[Dataset extract — start]
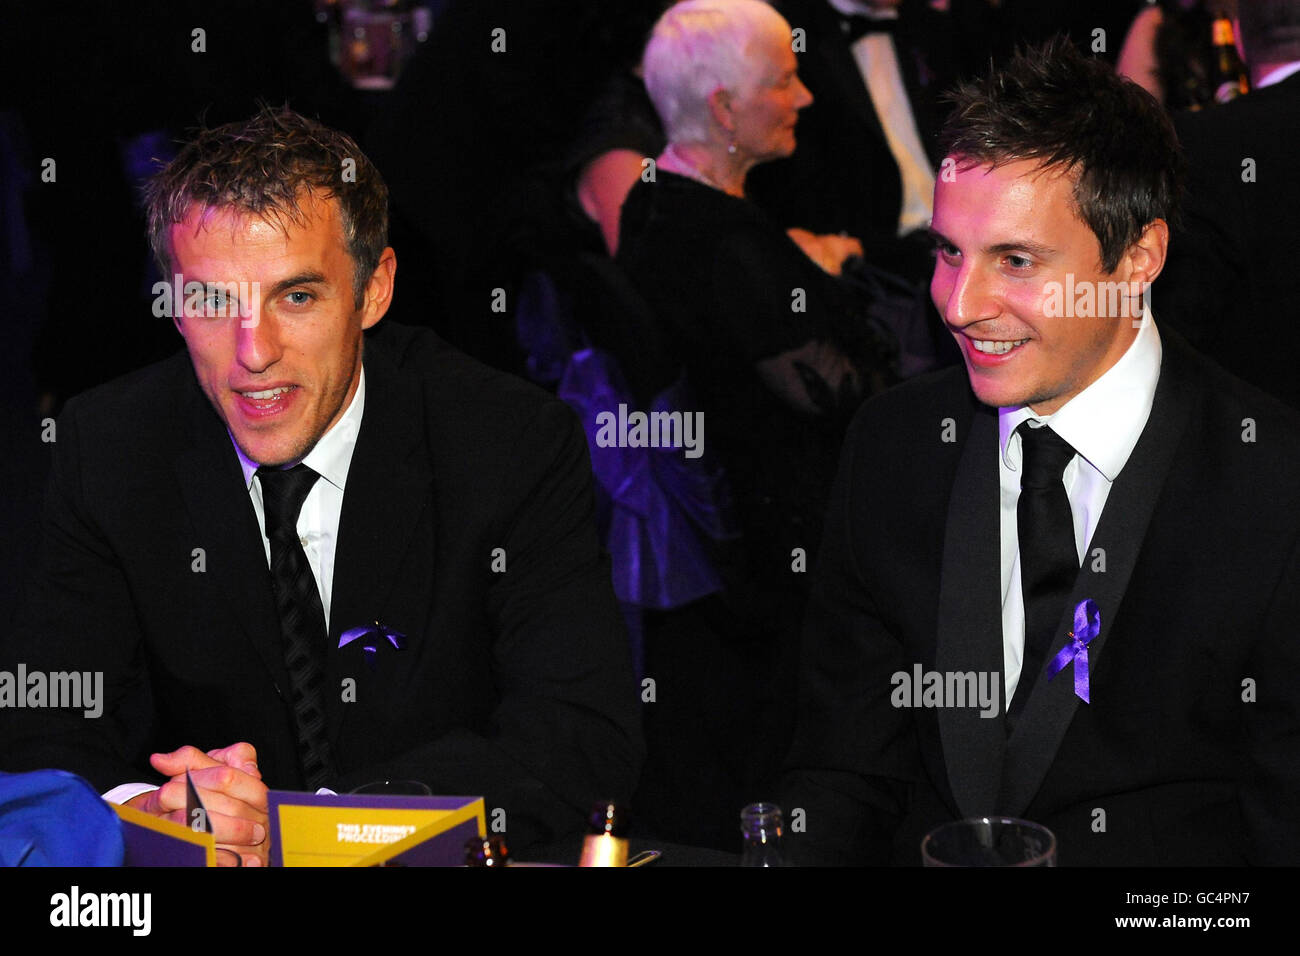 Soccer - Liverpool Unites Charity Dinner - Goodison Park. Phil Neville and Phil Jagielka at the Liverpool Unites Charity Dinner at Goodison Park Stadium, Everton, Liverpool. Stock Photo
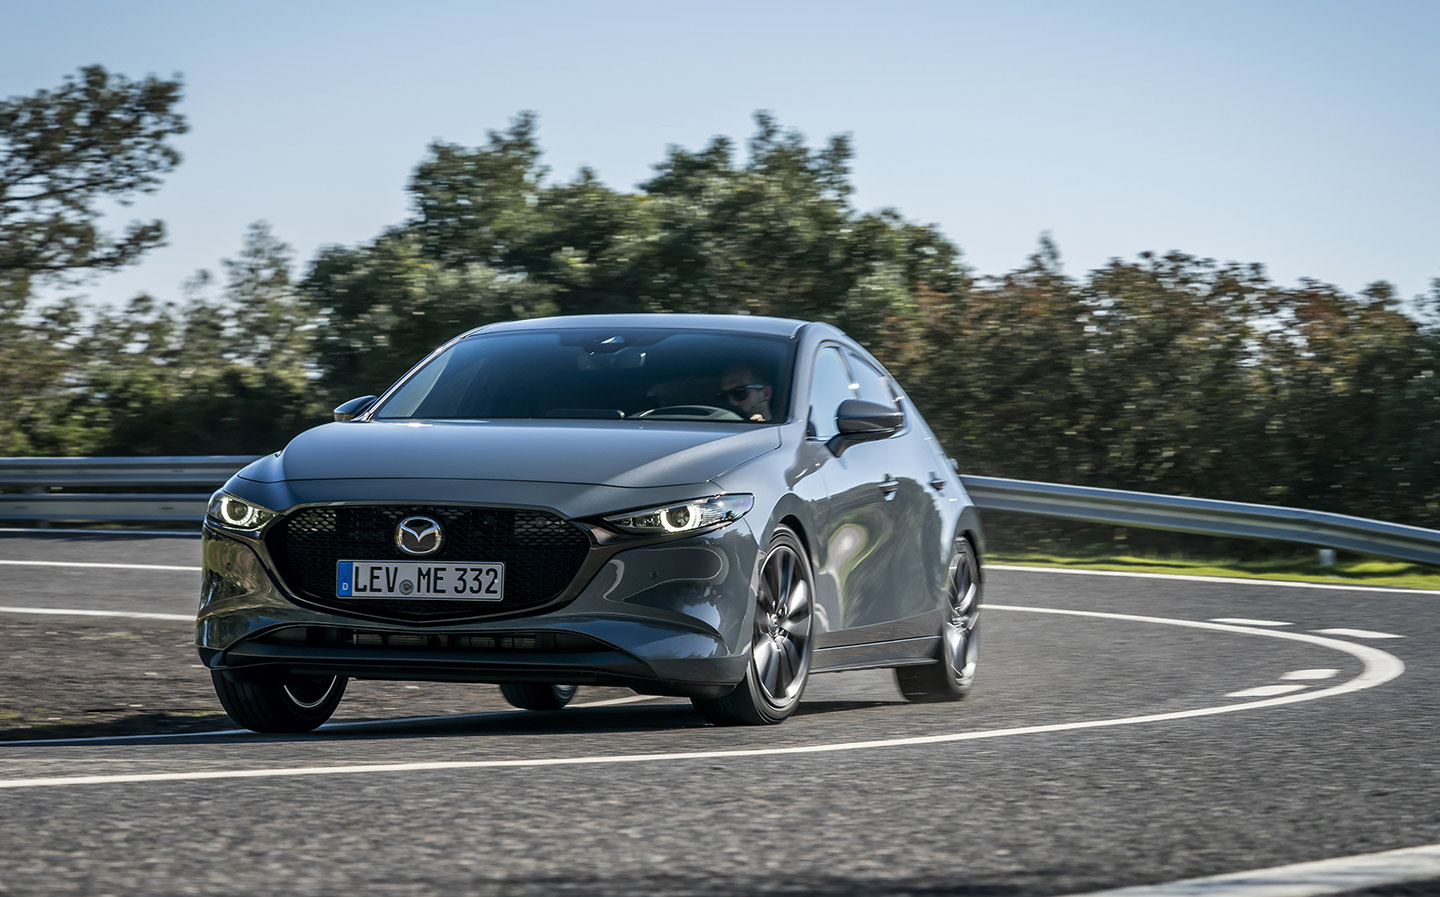 2019 Mazda 3 Mazda3 hatchback car review road test by James Mills for Sunday Times driving.co.uk
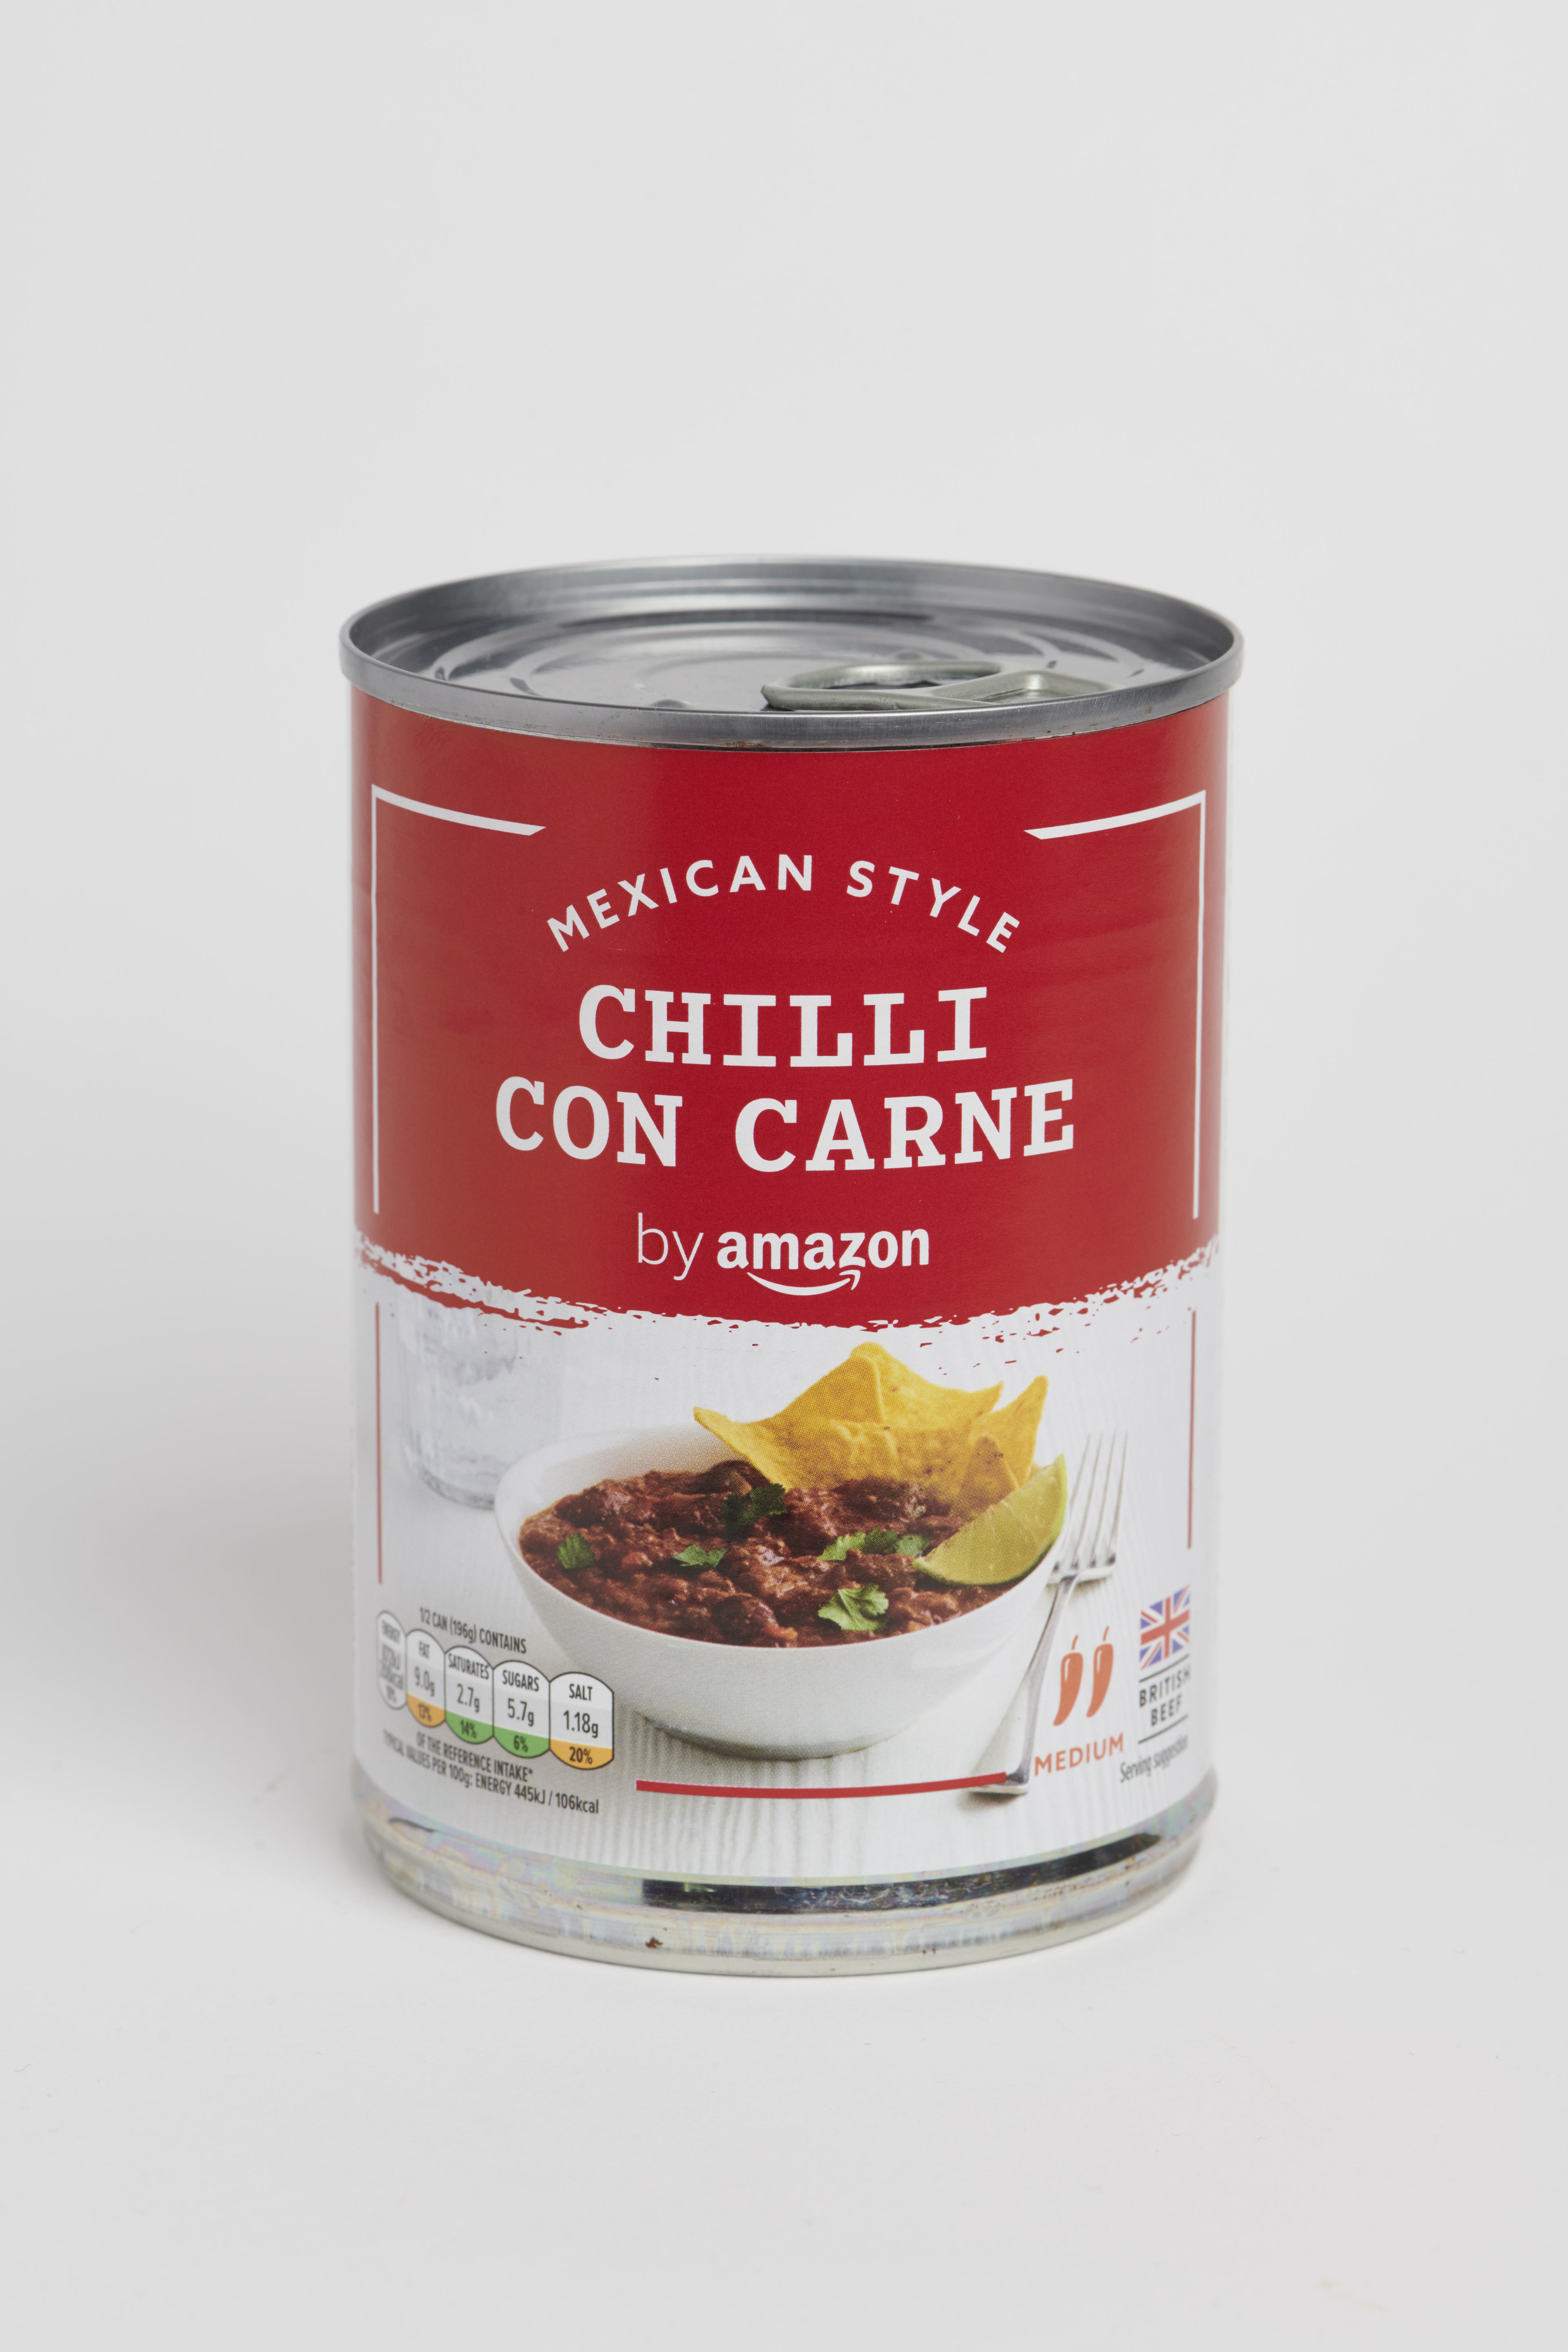 This chilli is delicious - and you could easily get three portions out of one can
[Dataset extract — finish]
Print the complete listing exactly, apart from any pictures.

 Soccer - Liverpool Unites Charity Dinner - Goodison Park. Phil Neville and Phil Jagielka at the Liverpool Unites Charity Dinner at Goodison Park Stadium, Everton, Liverpool. Stock Photo
 2019 Mazda 3 Mazda3 hatchback car review road test by James Mills for Sunday Times driving.co.uk
 This chilli is delicious - and you could easily get three portions out of one can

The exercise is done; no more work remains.